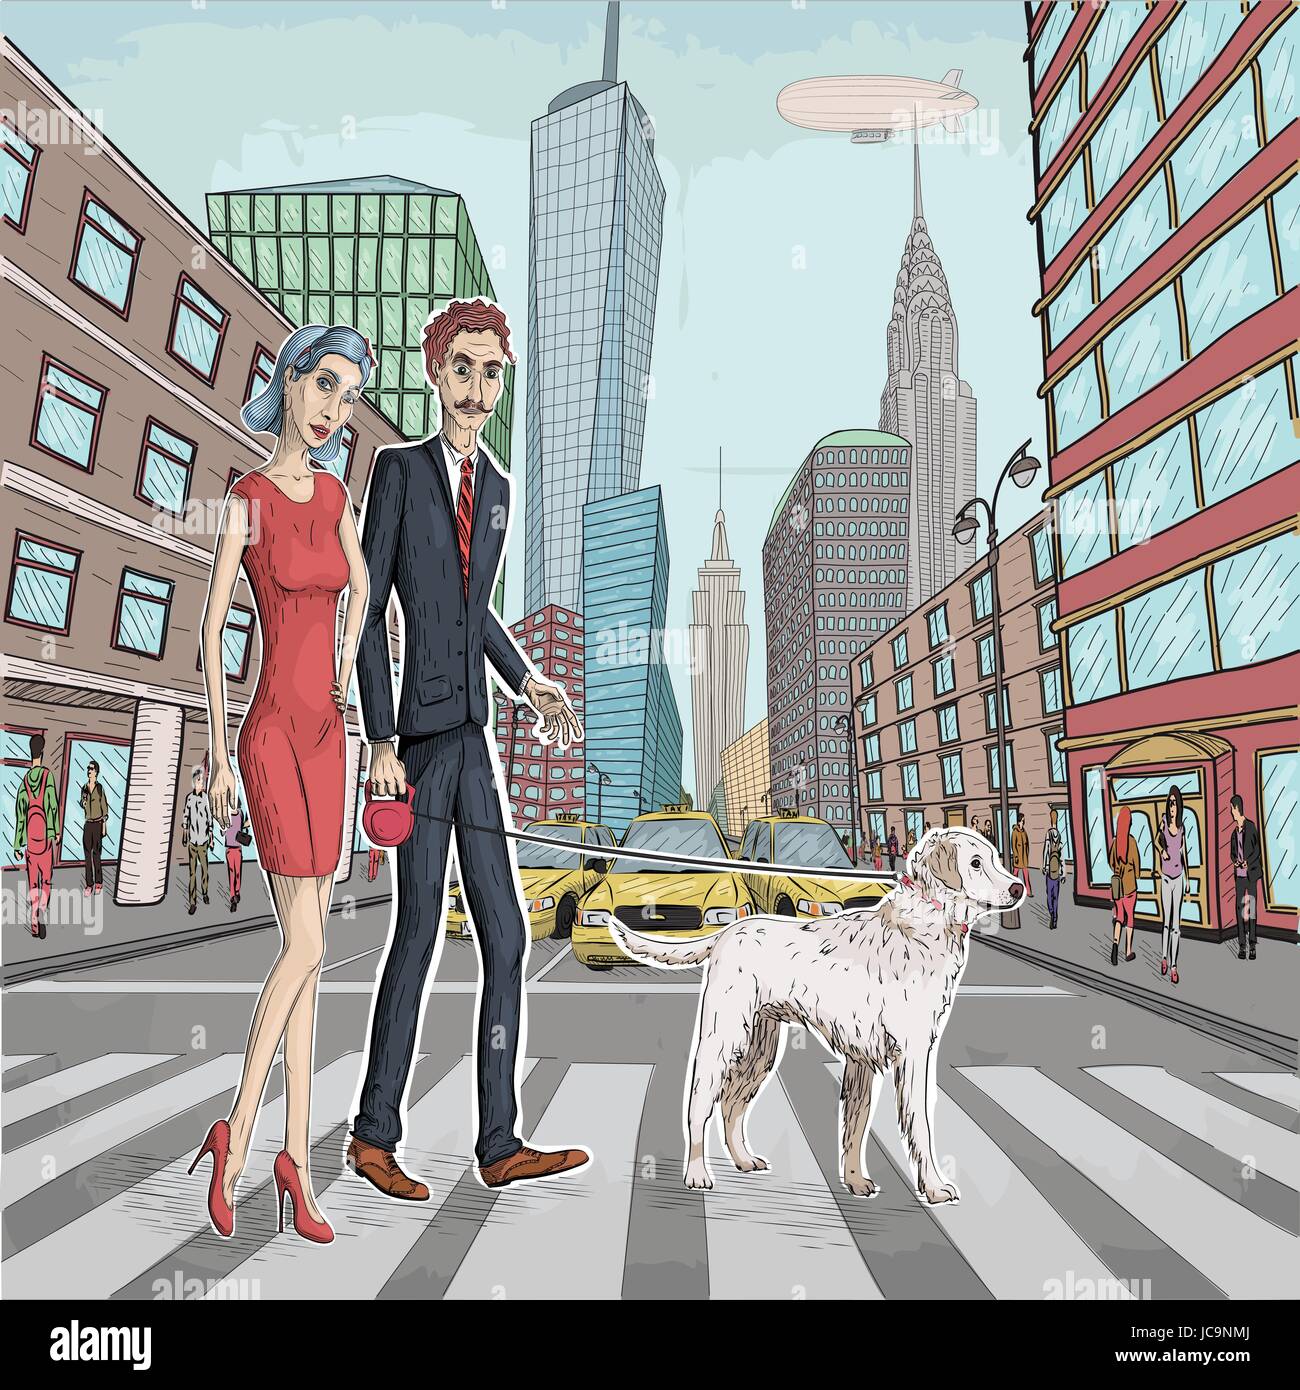 Vector illustration de belle femme fille et les hommes couple amoureux marcher avec chien labrador blanc animal sur New York city street Illustration de Vecteur
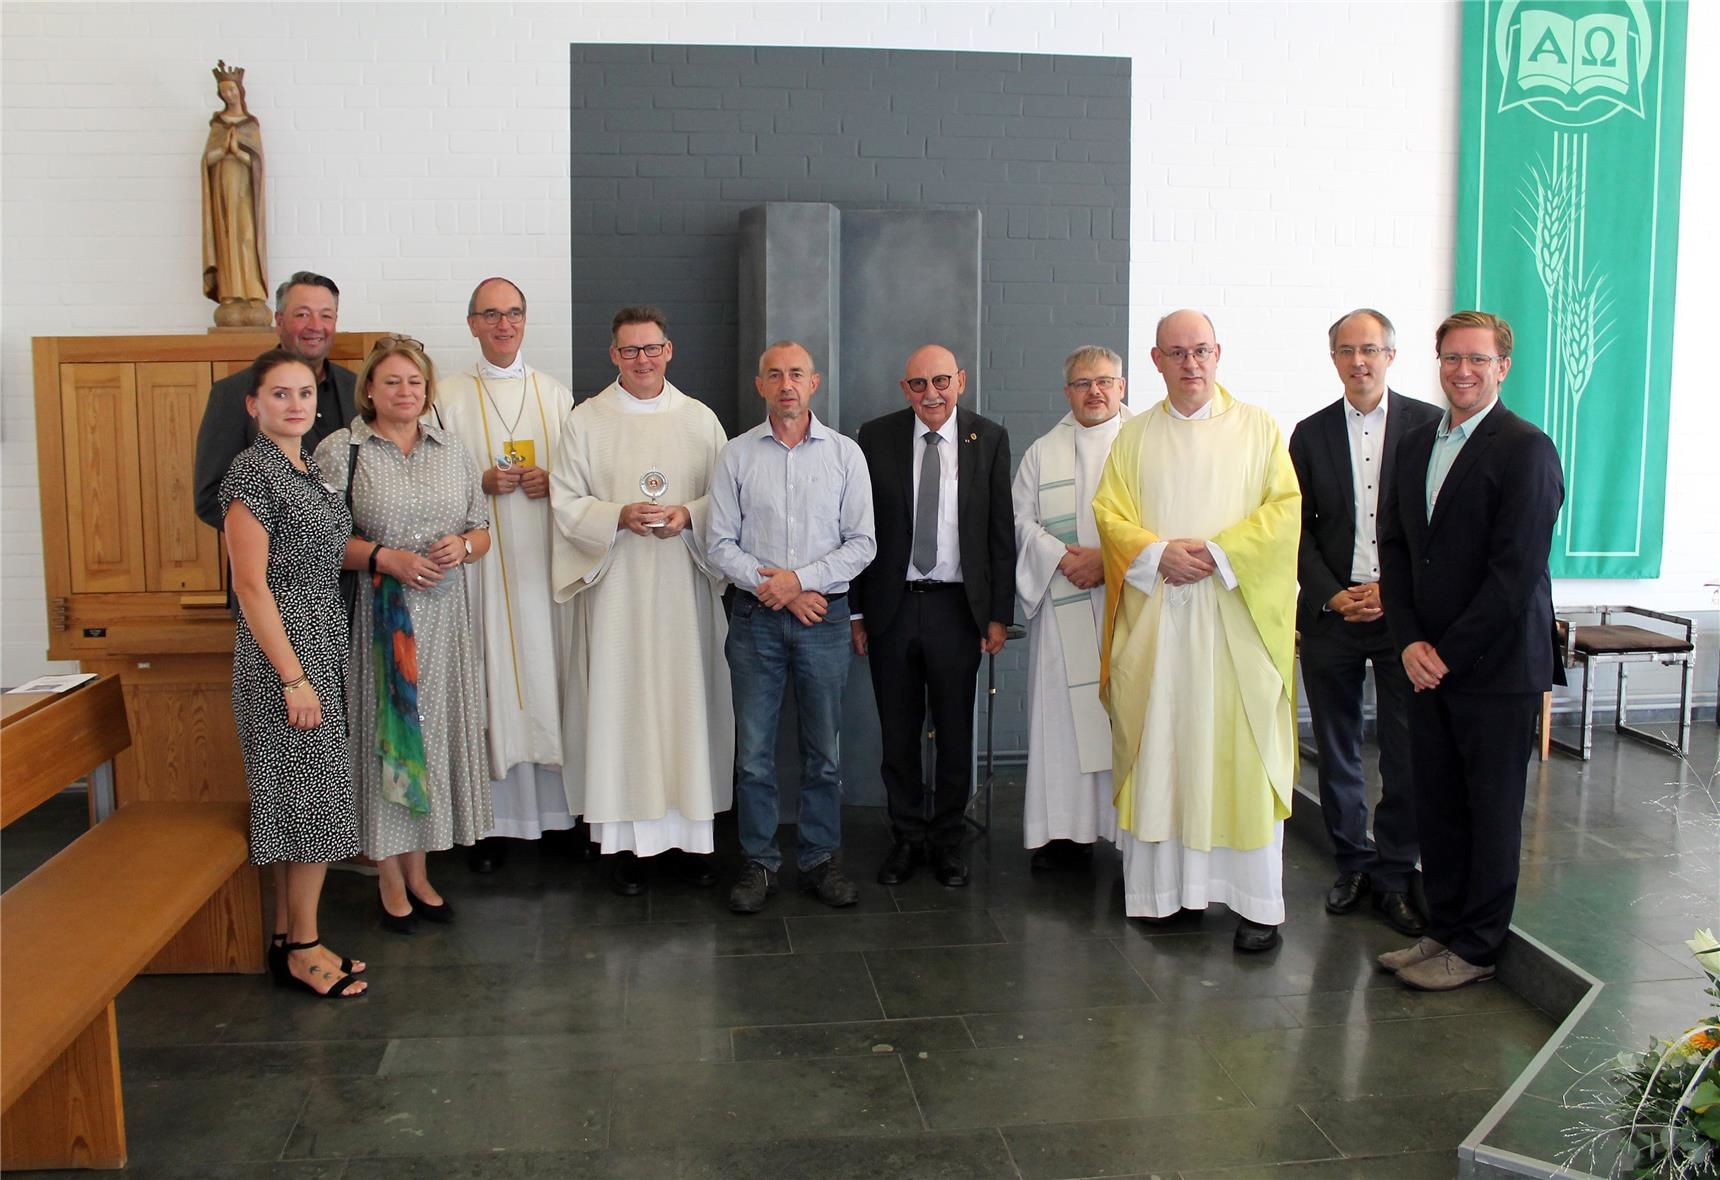 Gruppe mit Geistlichen in der Kapelle St. Nikolaus (Erik Lehwald / Caritasverband Düren-Jülich)
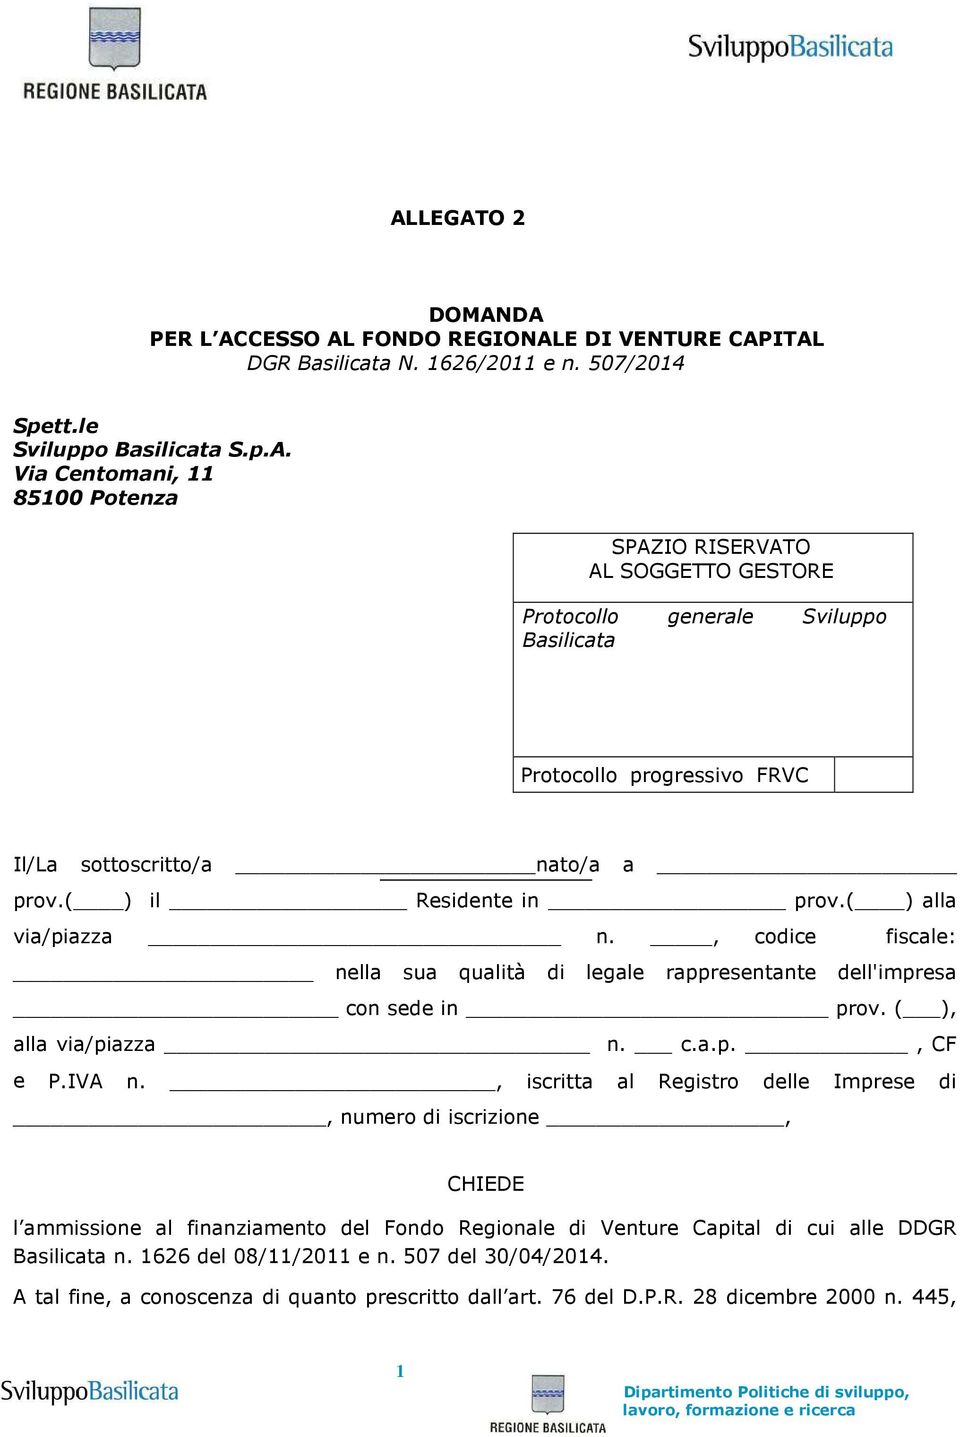 IVA n., iscritta al Registro delle Imprese di, numero di iscrizione, CHIEDE l ammissione al finanziamento del Fondo Regionale di Venture Capital di cui alle DDGR Basilicata n. 626 del 08//20 e n.
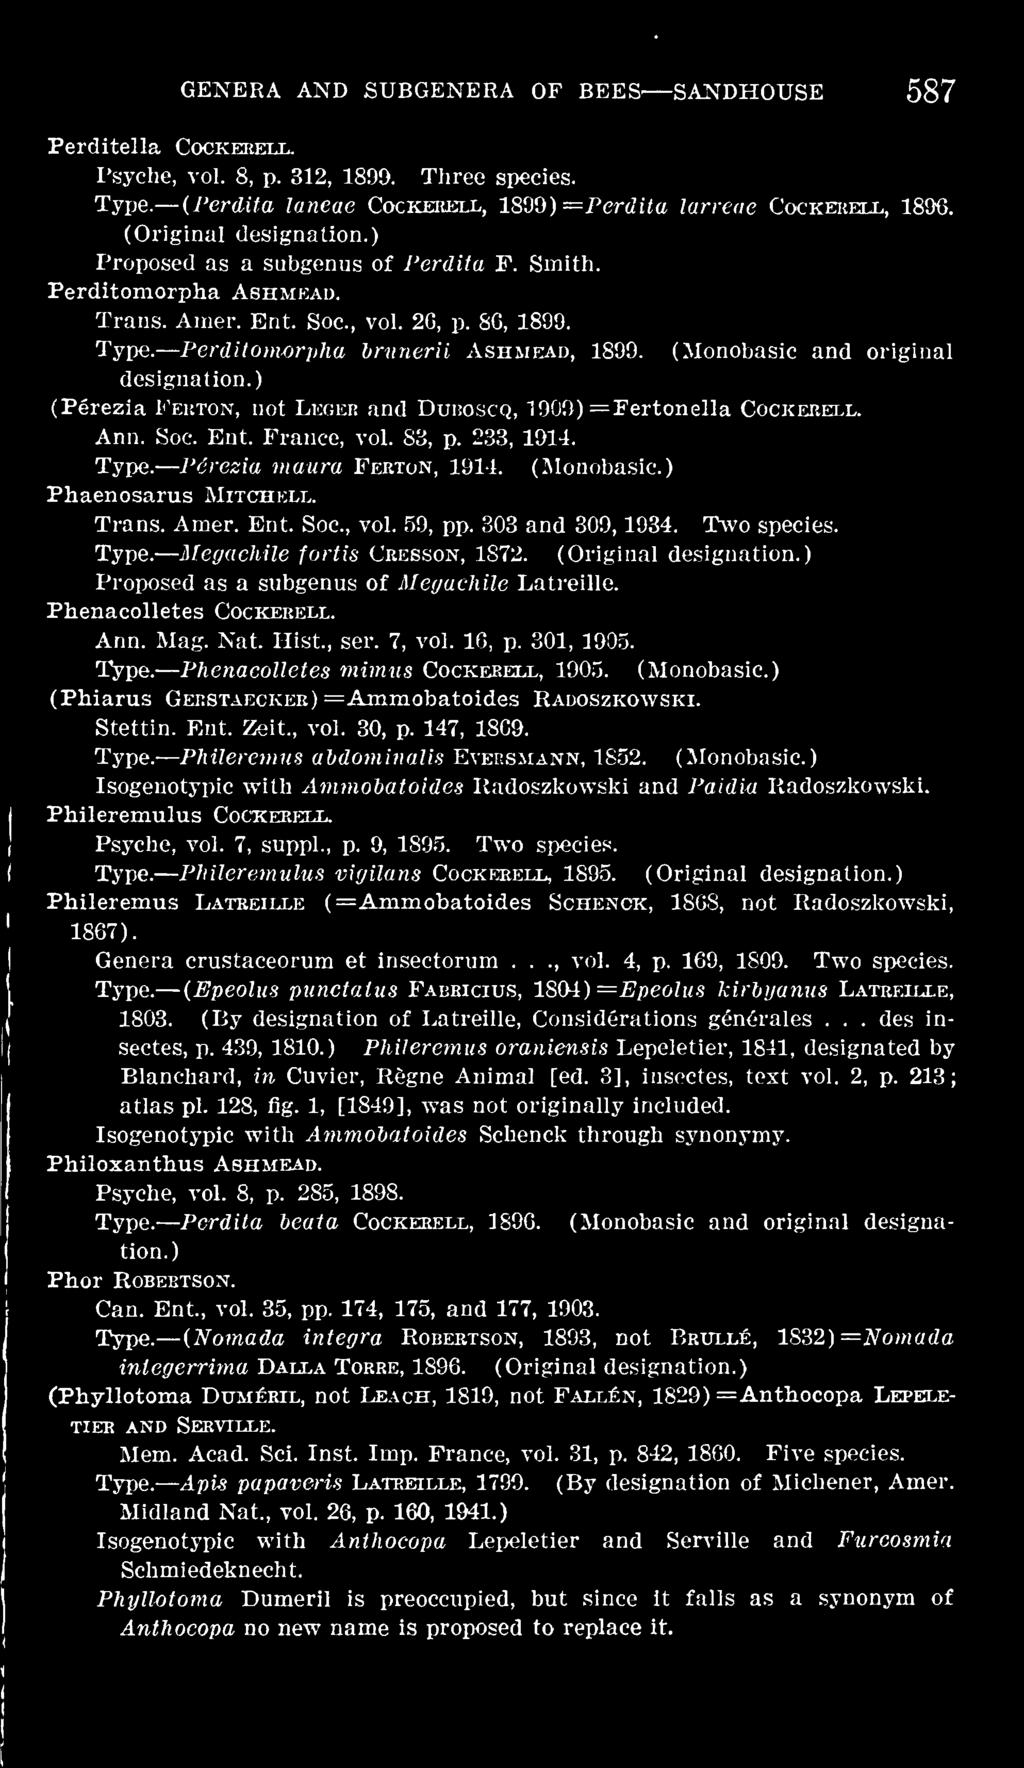 Phenacolletes Cockeeell. Ann. Mag. Nat. Hist., ser. 7, vol. 16, p. 301, 1905. Phenacolletes mimus Cockeeell, 1905. (Monobasic.) (Phiarus Gekstaeckeb) = Ammobatoides Rauoszkowski. Stettin. Ent. Zeit.

§ TASK BRIEF:
Could you restate the material word for word, skipping any pictures it holds?

§ ANSWER FOR THE TASK:
 Vector illustration de belle femme fille et les hommes couple amoureux marcher avec chien labrador blanc animal sur New York city street Illustration de Vecteur
 Gruppe mit Geistlichen in der Kapelle St. Nikolaus (Erik Lehwald / Caritasverband Düren-Jülich)
 IVA n., iscritta al Registro delle Imprese di, numero di iscrizione, CHIEDE l ammissione al finanziamento del Fondo Regionale di Venture Capital di cui alle DDGR Basilicata n. 626 del 08//20 e n.
 Phenacolletes Cockeeell. Ann. Mag. Nat. Hist., ser. 7, vol. 16, p. 301, 1905. Phenacolletes mimus Cockeeell, 1905. (Monobasic.) (Phiarus Gekstaeckeb) = Ammobatoides Rauoszkowski. Stettin. Ent. Zeit.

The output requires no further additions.